- AdventHealth

When Dr. Todd Keener suspected his father was having a heart attack, he only had to drive eight miles from their family’s cattle farm to AdventHealth Murray for emergency treatment.
“We have a hospital here that was in our community, which is a blessing because Chatsworth is a small community, and in this day and time, a lot of small communities are losing their hospitals,” said Keener, a veterinarian in Chatsworth.
Keener noticed his 81-year-old father, Neil, was struggling to get dressed one morning when he picked him up to check on their Angus cattle.
“He had been having problems with gout in his wrist and the flare-ups can be pretty debilitating for him, so I didn’t think a whole lot about it; but in the back of my mind, I was thinking, ‘Is something else going on?’” he said.
The pair set out for their pasture in Keener’s truck.
“As soon as we pulled out of the driveway, he said, ‘My arm is hurting,’” Keener said. “We pulled up to the gate going into our pastures, and within a minute, he got really nauseous, and I started thinking he may be having a heart attack. A minute or two later, he started having chest pains.”
Keener quickly decided to drive directly to the hospital, rather than call 911 and wait for an ambulance.
“We’re probably seven to eight miles from the hospital,” he said. “I already had him in the vehicle, and I knew I could have him at the hospital by the time the ambulance could get to us.”
It was Labor Day weekend, and Keener said they didn’t have to wait at all when they arrived at the AdventHealth Murray Emergency Department.
“They took him right back to the exam room, and I was able to go with him,” he said. “They put him in triage and hooked him up to an EKG.”
The EKG confirmed the heart attack, and the Emergency Department team administered clot-busting medications to stabilize Keener’s father until he could be airlifted to Erlanger Medical Center in Chattanooga, Tennessee, for surgery.
“They hooked him up to IVs and told him what was going on and what needed to be done,” Keener said. “They were very informative, and they were great. He had lots of attention — all the attention that he needed.”
Keener appreciated the Emergency Department team letting him stay with his father during the 30 to 40 minutes they were there.
“That was a blessing,” he said. “When he got on the helicopter, I didn’t know if that would be the last time I would see him. They also let my wife come back there with him before they airlifted him out. It was important to us, and we appreciated it.”
Keener drove to Erlanger, where his father was already undergoing treatment by the time he arrived.
“When he got to Erlanger, they immediately took him back to the cath lab,” he said. “He had a 90 percent blockage of his main coronary artery, which they call ‘the widow-maker.’”
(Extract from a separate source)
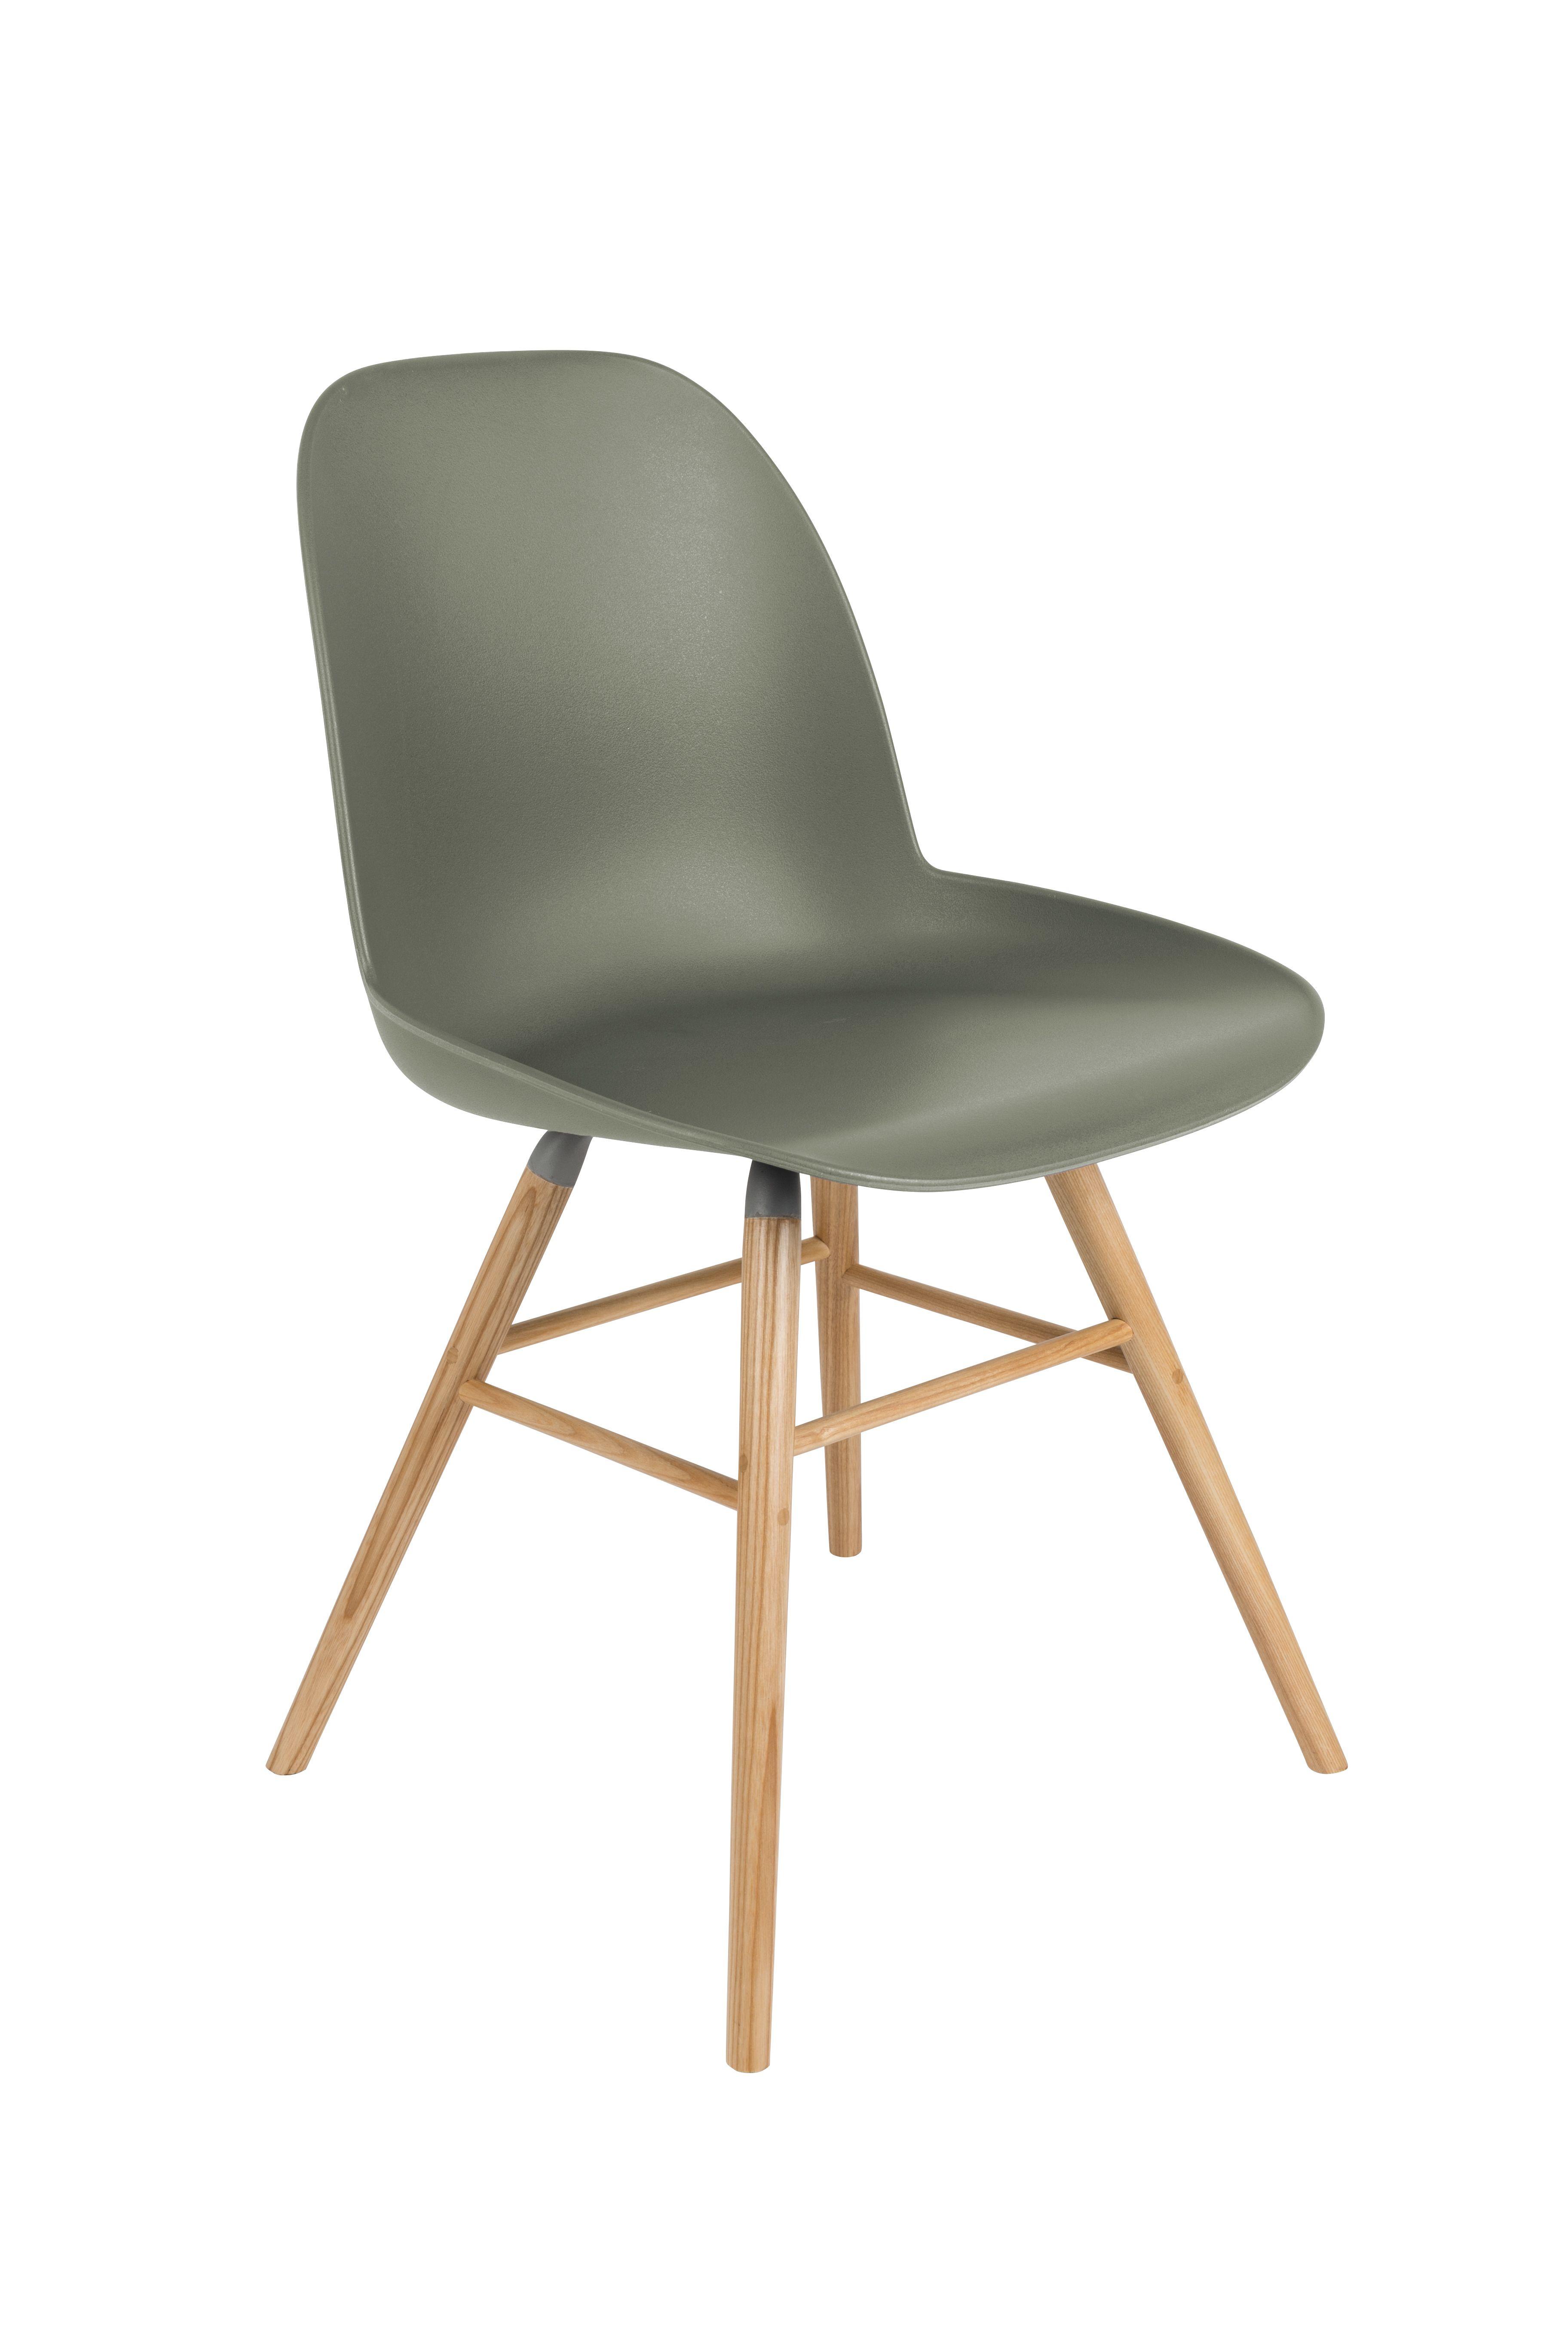 Eettafel Stoelen Kuip.Albert Kuip Chair Chairs Chair Dining Room En Dining Chairs
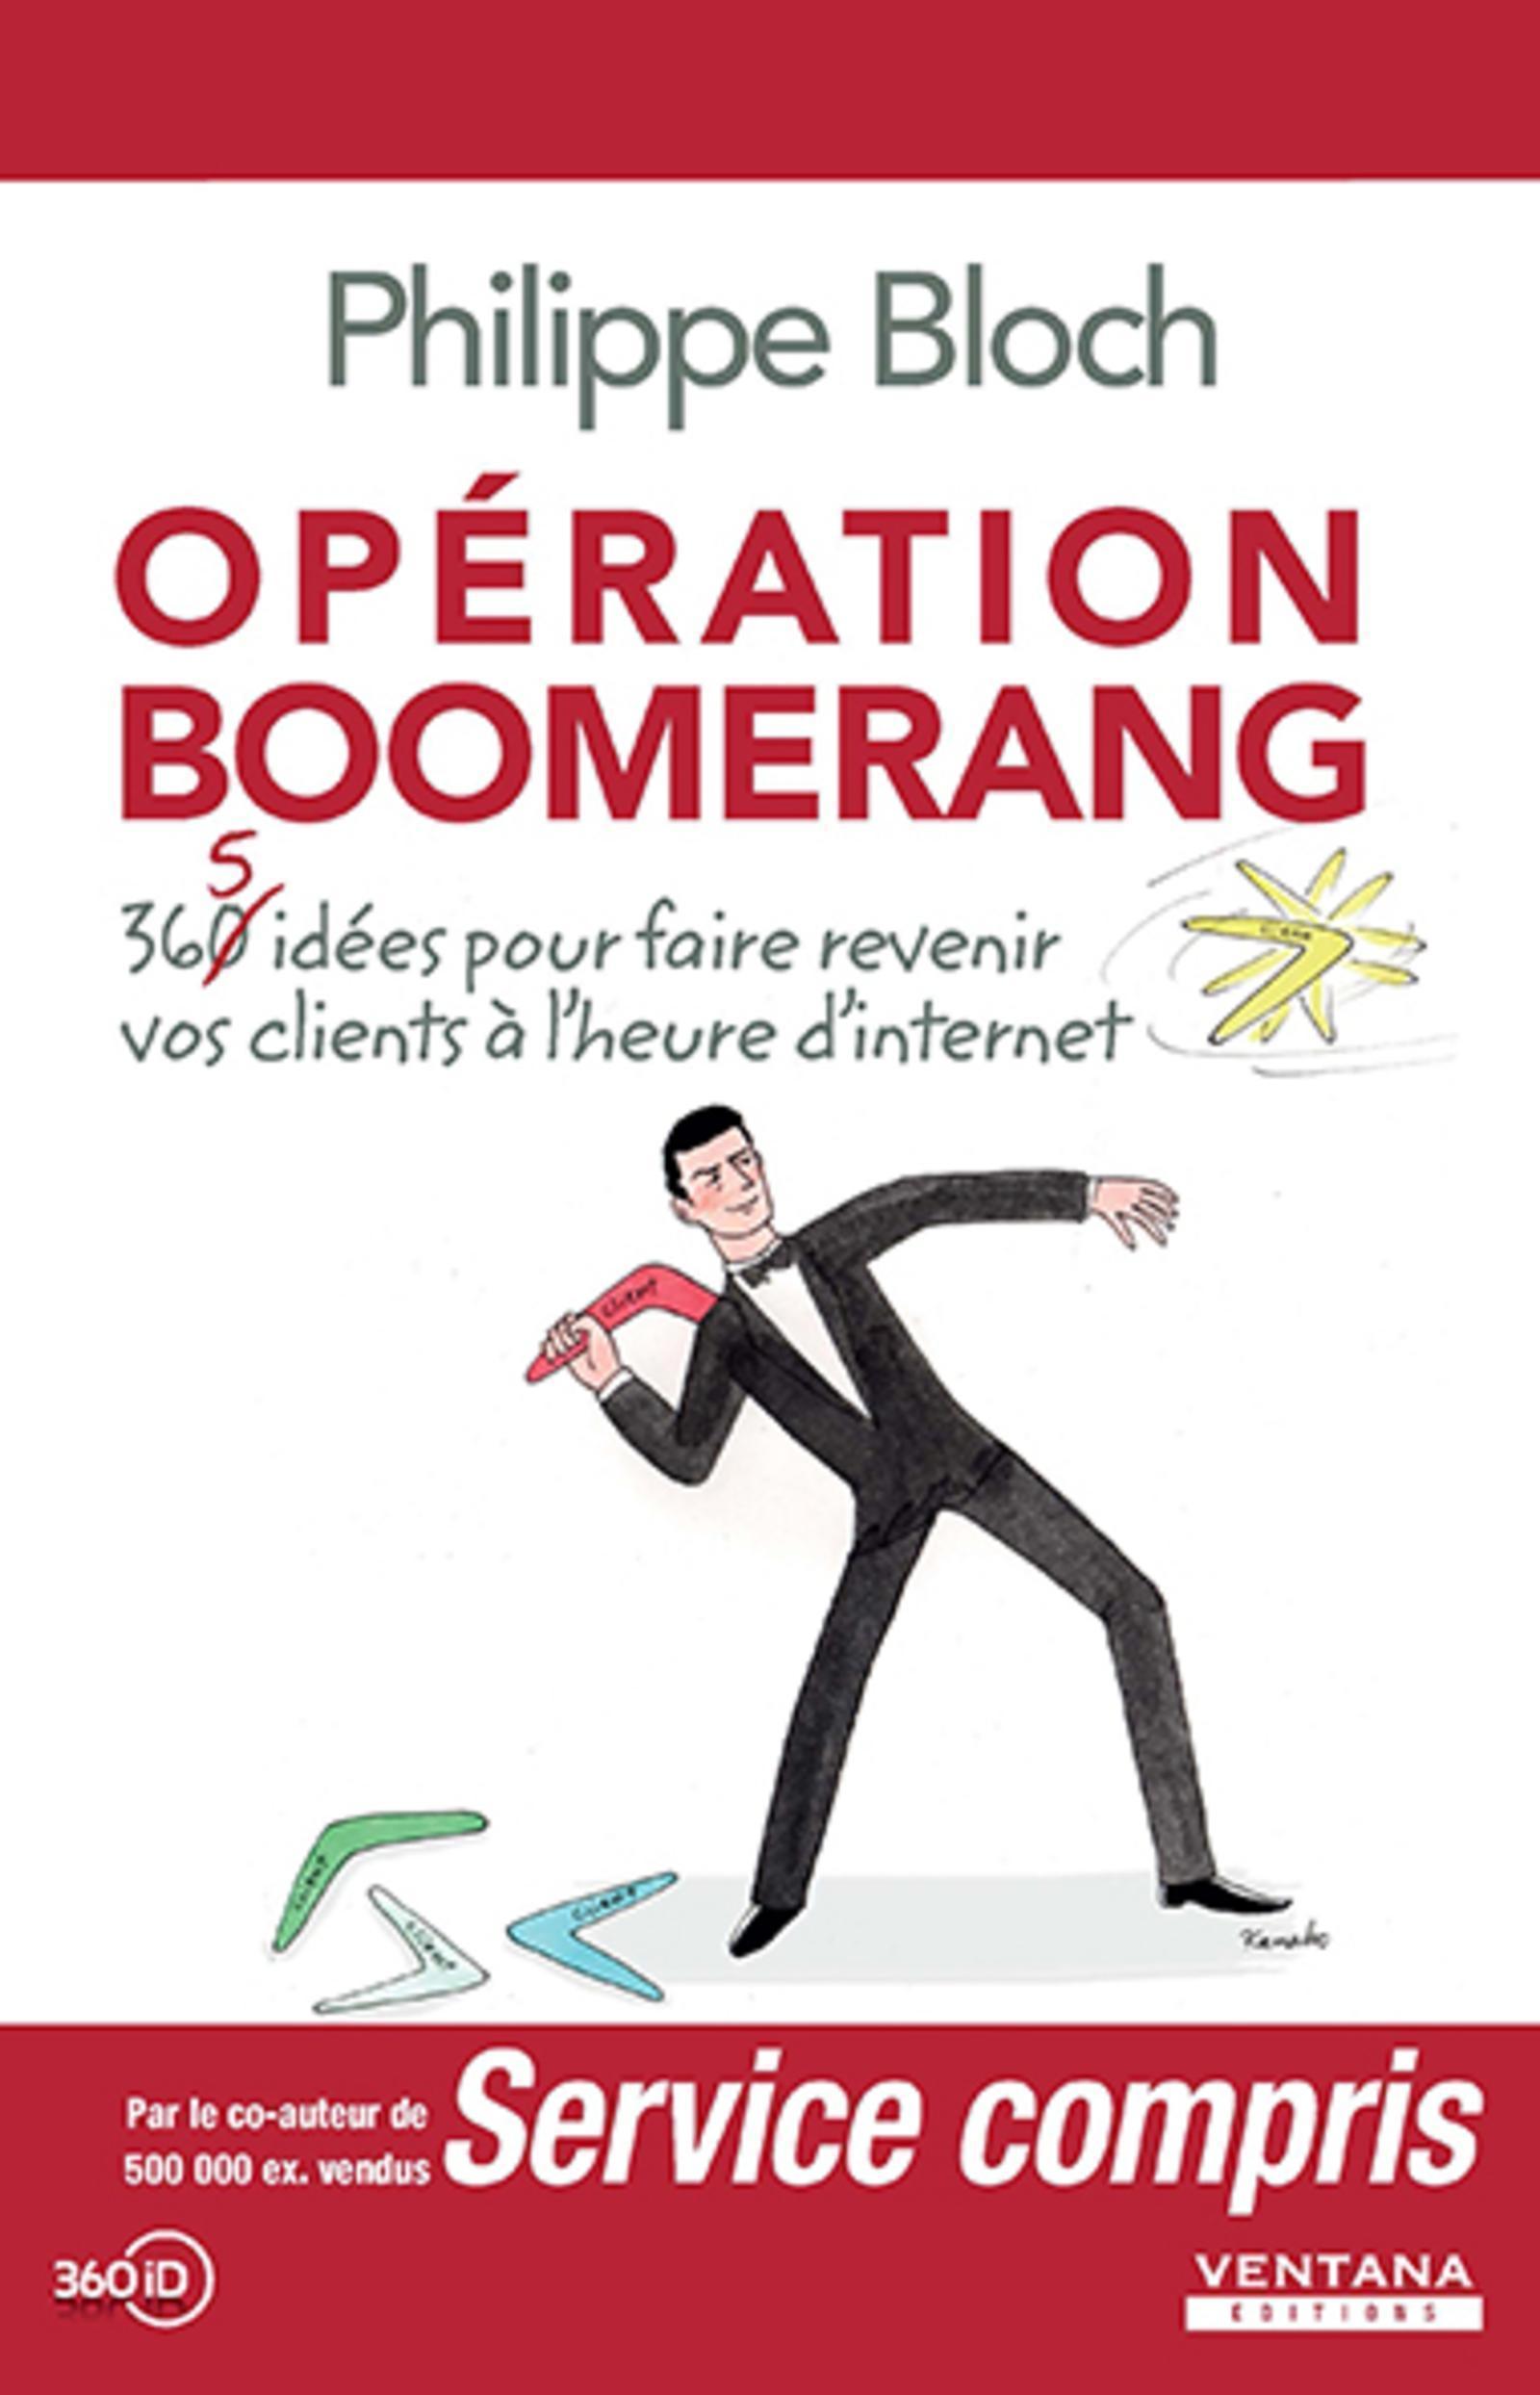 OPERATION BOOMERANG - 365 IDEES POUR FAIRE REVENIR VOS CLIENTS A L'HEURE D'INTERNET.

The surgeon successfully placed a stent to keep the artery open, and his father was able to come home after a few days.
Keener said AdventHealth’s commitment to providing health care to the residents of Murray County, along with its partnership with Erlanger, made a “life or death” difference in his father’s care.
“If they would have had to wait and take him to a hospital in a neighboring town 20 to 30 minutes away by ambulance, he could have died on the way to the hospital,” he said.
A helicopter airlift between Erlanger and AdventHealth Murray typically takes 15 minutes.
Keener said he brought his father back to AdventHealth Murray a week or two after the stent placement for treatment of a gout flareup.
“Again, it was such a blessing we didn’t have to go somewhere else and could get him into the hospital quickly,” he said. “When you have a loved one in the hospital and people are having to work and try to go check on their family member when they’re in the hospital, it’s nice to have them in the hospital right there so you don’t have to drive 30 to 40 minutes to see your loved one.”
AdventHealth Murray isn’t as large as other hospitals in the region, but Keener believes the smaller size allows for higher staff-to-patient ratios, which contributes to a better quality of care, especially when the nurses, staff and physicians are familiar faces to many of the patients they’re treating.
“When they know you, they’re going to care about you more,” he said. “It helps the family when you’re in there and you can see a familiar face. It eases the stress.” Keener said AdventHealth Murray has managed his father’s follow-up care, as well.
“He’s doing great and is out walking, and he still goes to the farm every day that he feels like going,” Keener said. “He’s probably in better shape now than he was before he went to the hospital.”